When you swipe right on the first home screen to start a search, Siri Suggestions provides a richer set of pre-search suggestions. You see a list of recent and frequent contacts, possibly a book you’ve been reading or some other media, and, as on the swipe-down search screen, a list of recent and frequently used apps. The screen also offers icons you can tap for maps to nearby places, divided into categories like Nightlife and Gas. If Spotlight Suggestions is also enabled (which it is, by default) the search screen also
includes a helping of news stories, possibly along with some other items.


Siri Suggestions doesn’t change the contents of your search results when you type a query into the search field, no matter which search screen you use to perform a search. Nor do such results vary depending on whether Siri Suggestions is enabled or not. The results you get when you perform a search are controlled by the items enabled in the Search Results list in Settings > General > Spotlight Search.

To anticipate your search interests, Siri Suggestions collects information about how you use your iOS device and refines the kinds of suggestions it makes over time. If that sounds a little creepy, you needn’t worry that Siri is spying on you and transmitting the results back to the mothership: Apple claims the information that Siri collects never leaves your device.

If you want to clear all the suggestions from the swipe-right search screen, swipe down from the middle of the screen.

Summing It Up — The evolution of Spotlight Search over the last several releases of iOS has resulted in search capabilities that now comprise the following in iOS 9:

  • Spotlight Search: This is how you find stuff stored on your device. Originally capable of finding and launching apps as well as returning information stored within a small set of Apple-developed apps, Spotlight Search can now return results from any app that stores data — if that app has been updated to allow Spotlight to peruse its data.

  • Spotlight Suggestions: This feature provides search results from outside your device from a small set of information sources. Such sources include Apple’s own media and app stores, services that return movie showtime information, news outlets, map services that return information about local businesses, and so on.

  • Bing Web Results: Previously part of Spotlight Suggestions, this feature adds Web search results to the other results returned by Spotlight Search.

  • Siri Suggestions: This new feature in iOS 9 attempts to provide search results before you actually perform a search. Siri Suggestions uses a continually updated pool of information about how you have been using your iOS device to anticipate some of the things you might want to search for. These suggestions can include apps, contacts, media, and local businesses.

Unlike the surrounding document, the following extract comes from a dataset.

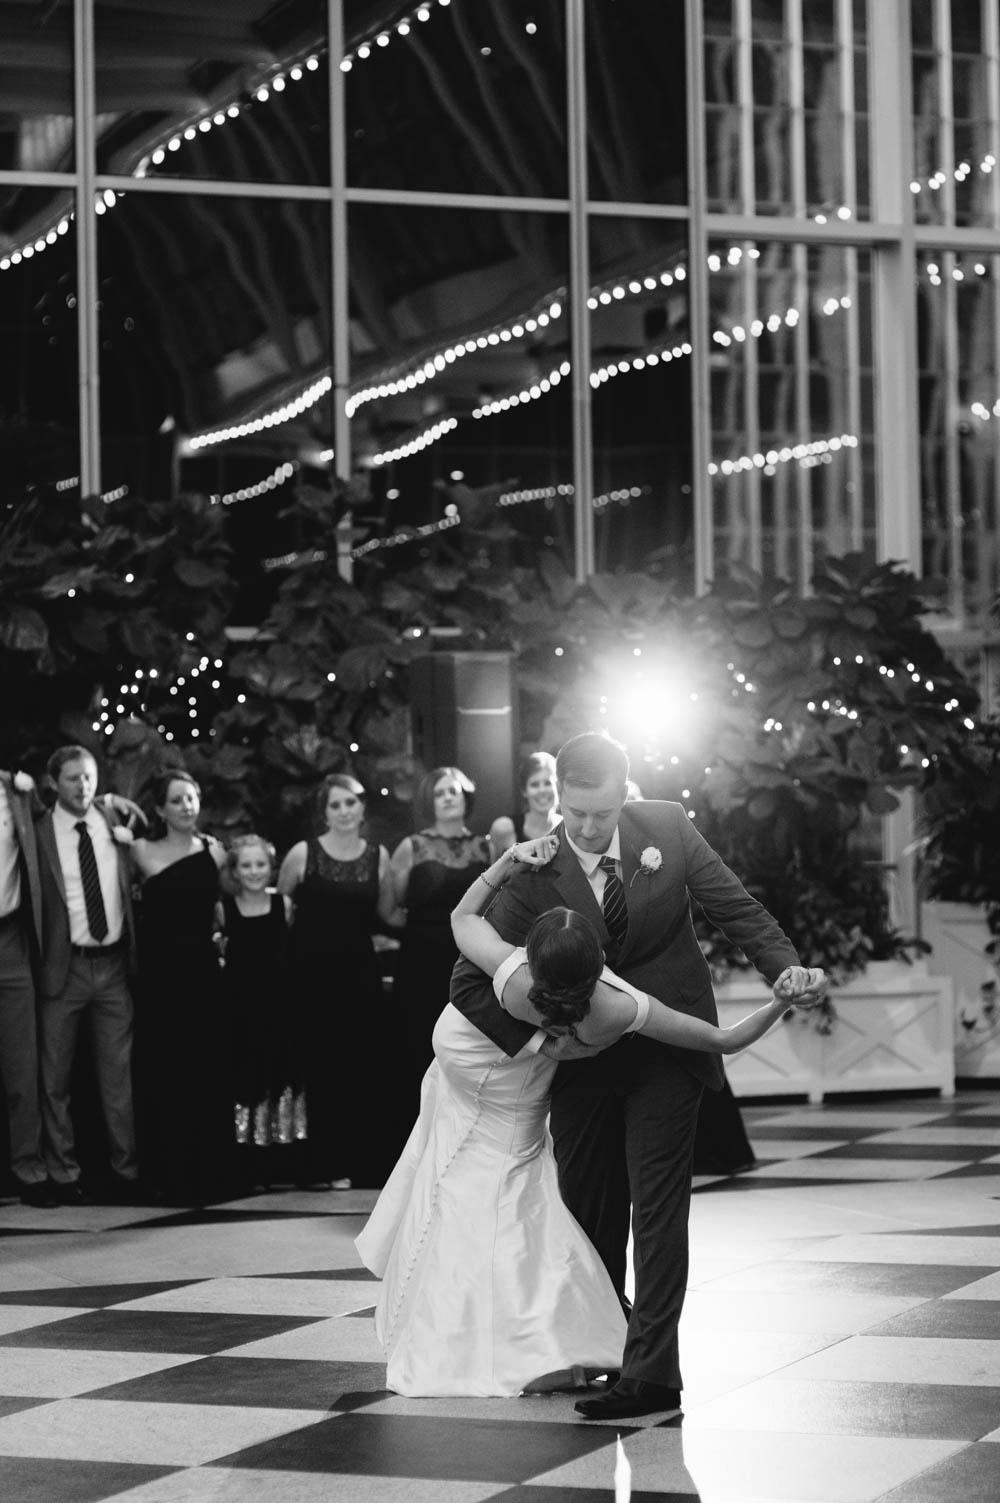 wintergarden-wedding-pittsburgh-122.jpg

But what if you simply want a nice clean search environment, uncluttered by results from Apple’s various stores or from any source beyond the contents of your device? It’s simple enough to set such an environment up: turn off Siri Suggestions, Spotlight Suggestions, and Bing Web Results in Settings > General > Spotlight Search.

Meanwhile, as app developers upgrade their apps to add Spotlight searching compatibility, your Spotlight searches, however you configure them, should gradually become smarter and more detailed over time. Whether many developers will provide in-app search compatibility with Spotlight, only time will tell — so far, Siri remains silent on the issue.